**The input**.
☆ ☆ ☆ ☆

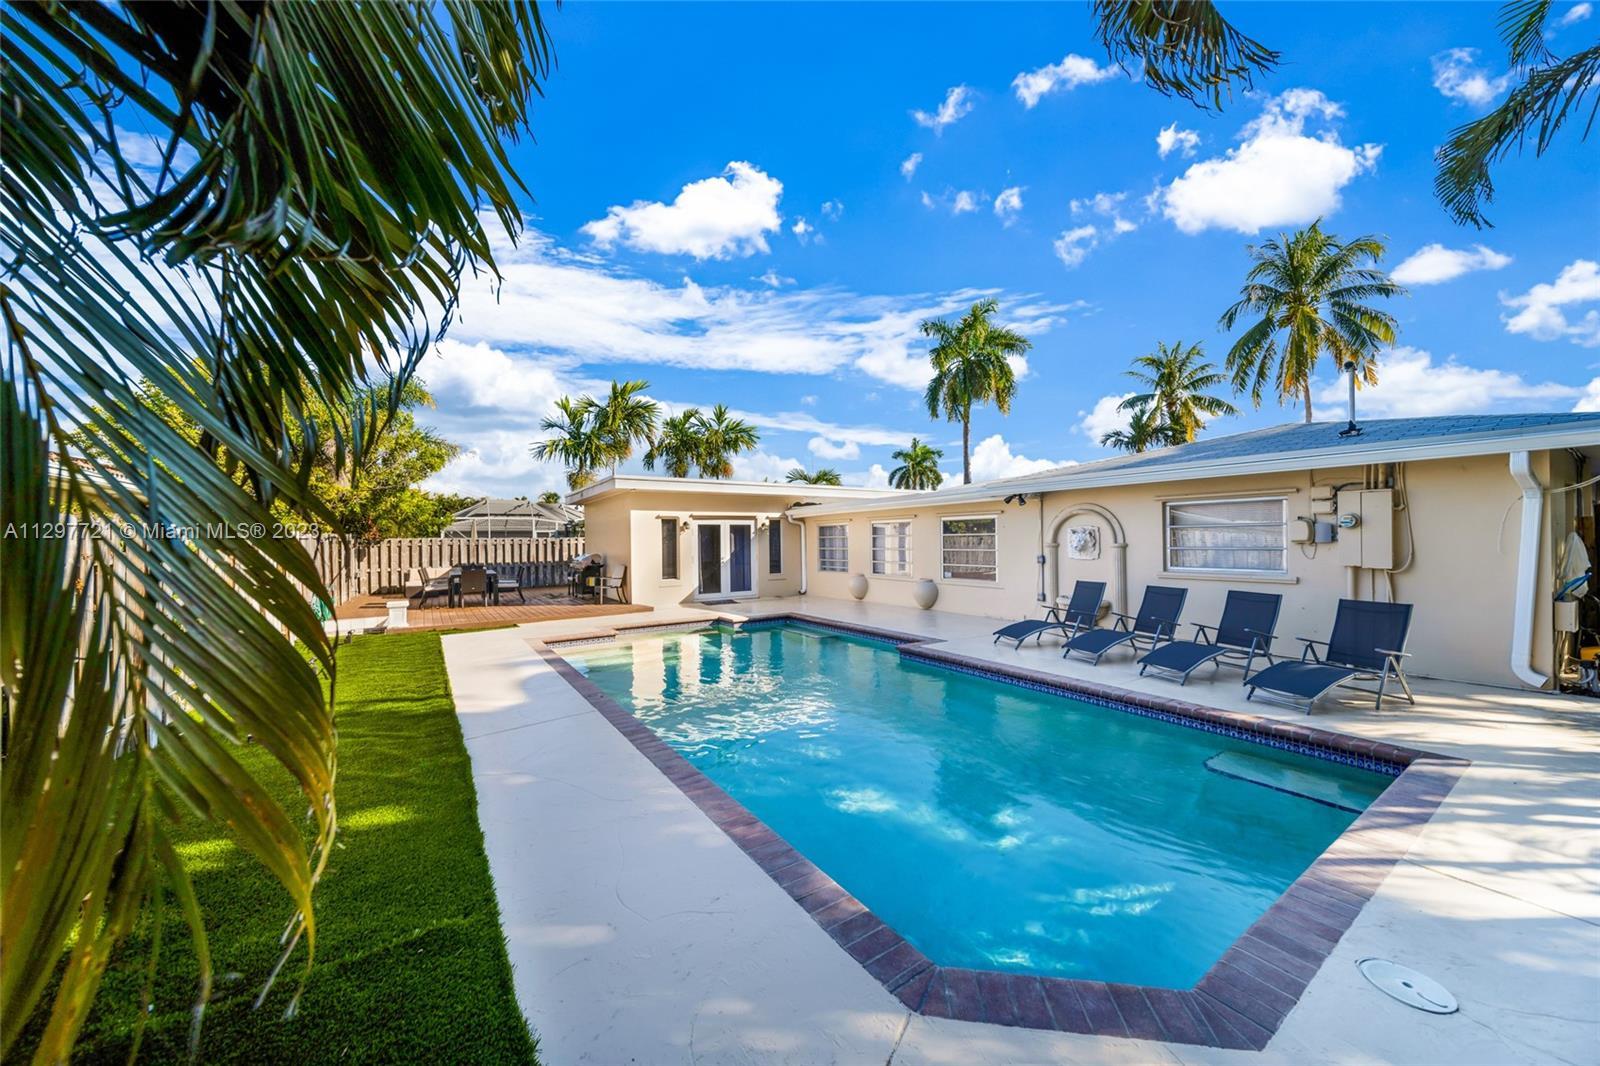 Photo of 241 Oceanic Ave in Lauderdale By The Sea, FL
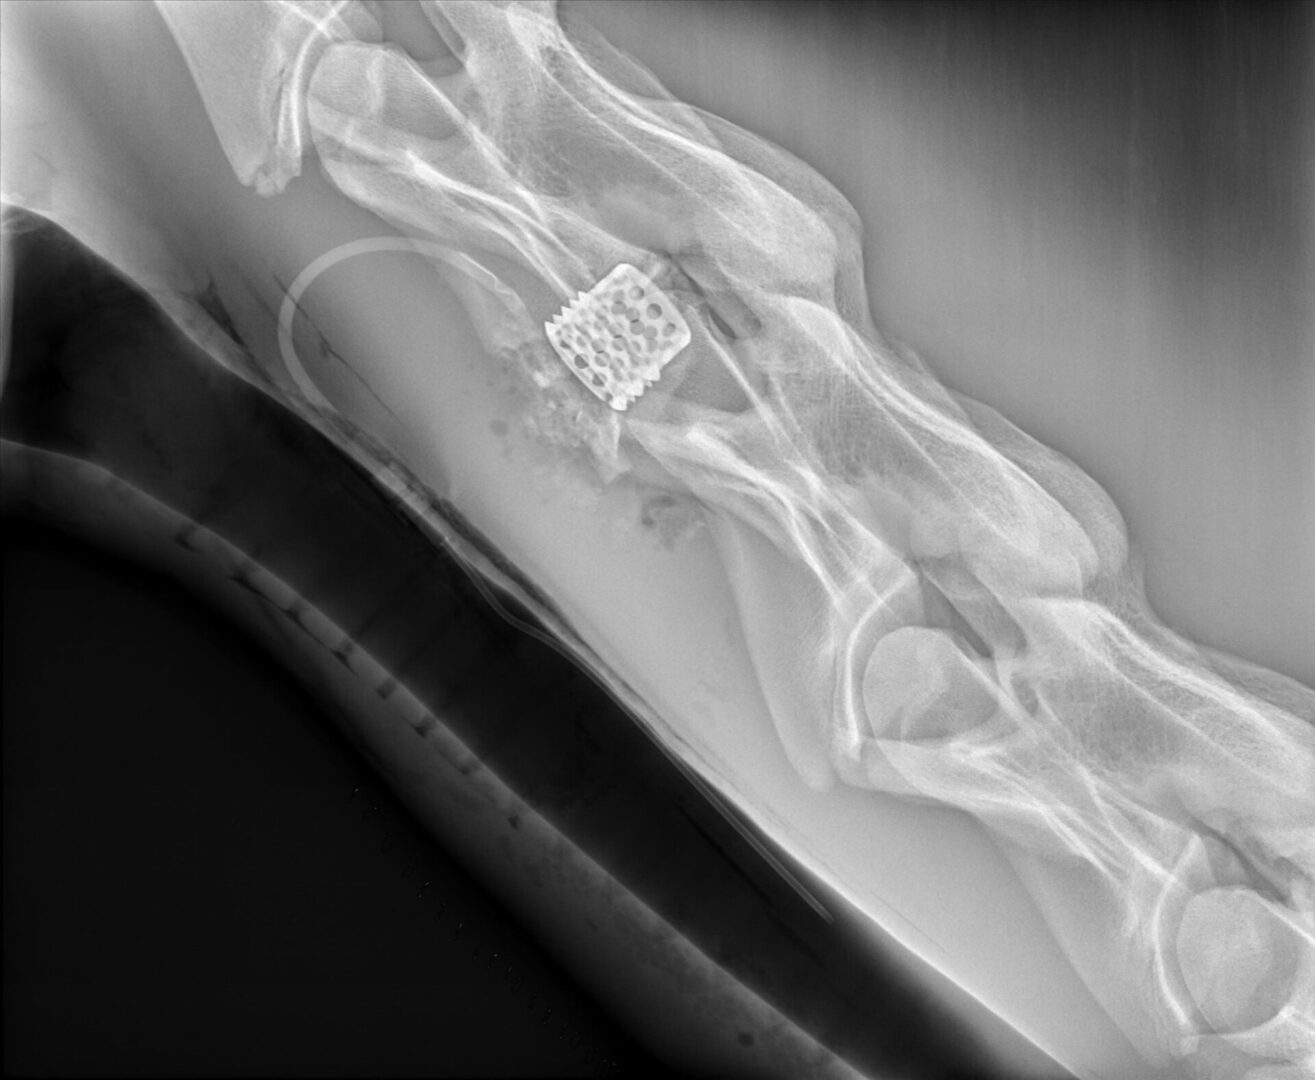 A black and white photo of an x-ray showing the bottom part of a wrist.
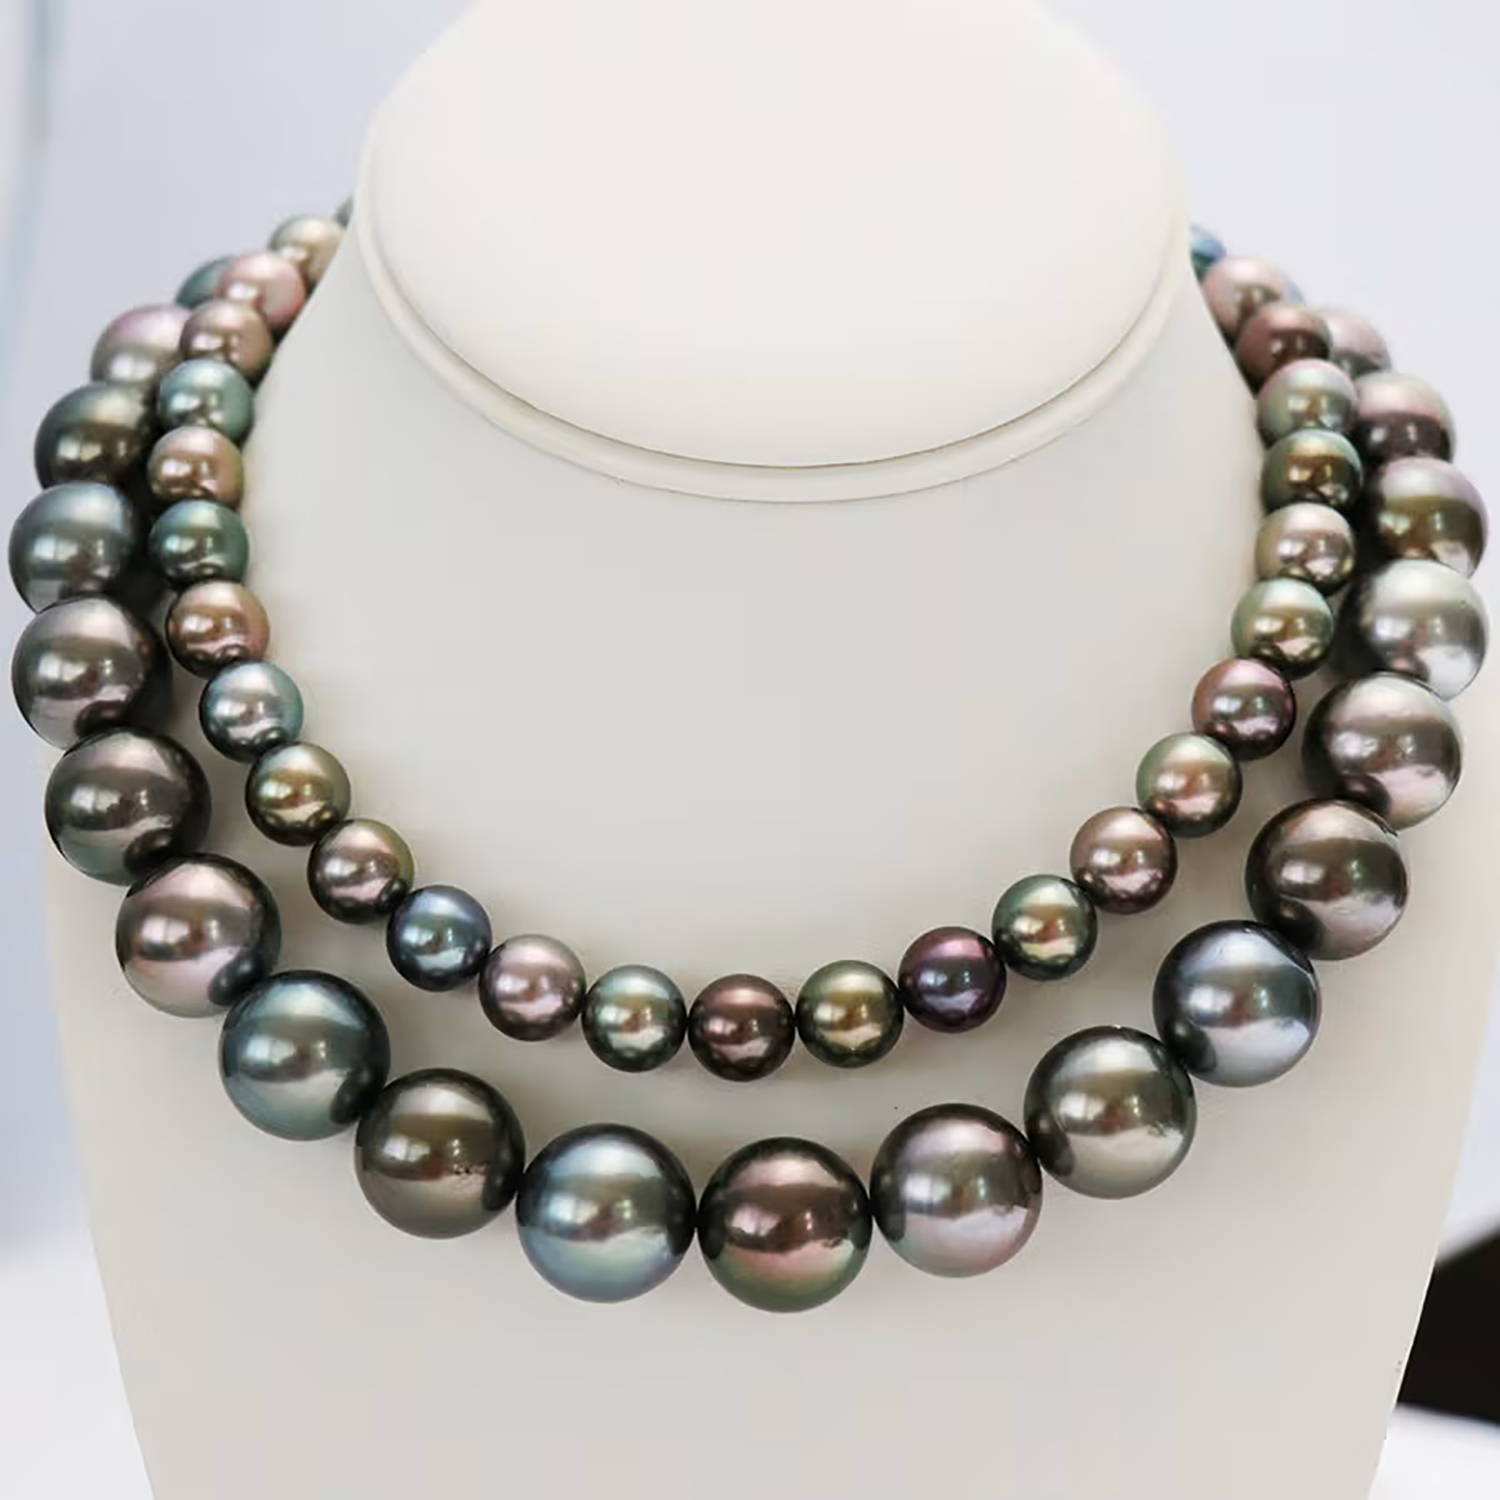 Tahitian Pearl Necklaces showing Multiple Hues
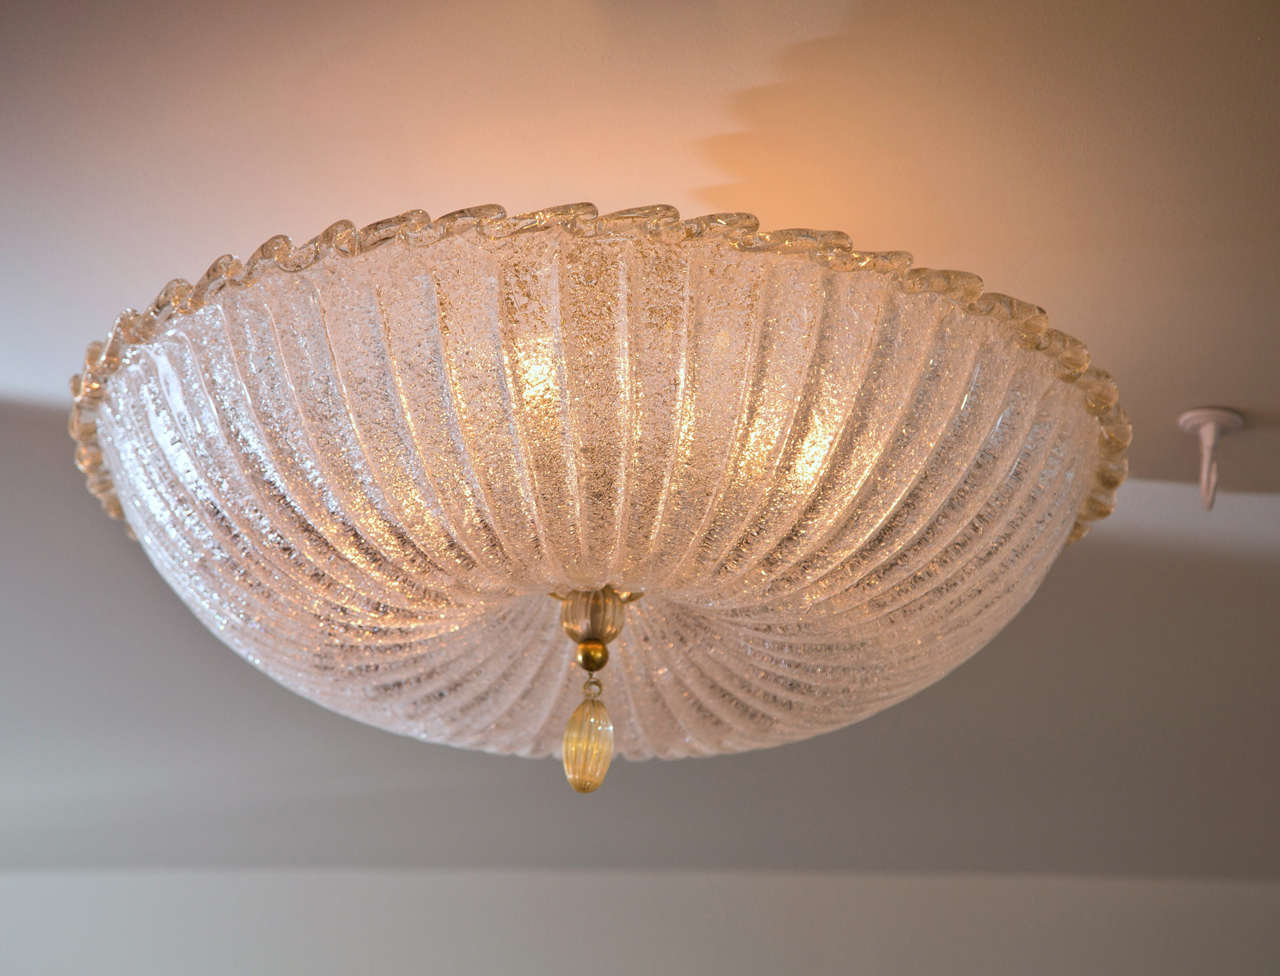 Large shimmery pin cushion shaped ceiling fixture with a lightly gold blown rim, disk and tassel. When illuminated it takes on a beautiful icy effect.
This fixture will be made install ready with unlacquered brass hardware to match the brass detail

☆ ☆ ☆ ☆

**Goal of the exercise**. Repeat the lines above exactly, and keep every picture out.

**Task solution**.
 Photo of 241 Oceanic Ave in Lauderdale By The Sea, FL
 A black and white photo of an x-ray showing the bottom part of a wrist.
 Tahitian Pearl Necklaces showing Multiple Hues
 Large shimmery pin cushion shaped ceiling fixture with a lightly gold blown rim, disk and tassel. When illuminated it takes on a beautiful icy effect.
This fixture will be made install ready with unlacquered brass hardware to match the brass detail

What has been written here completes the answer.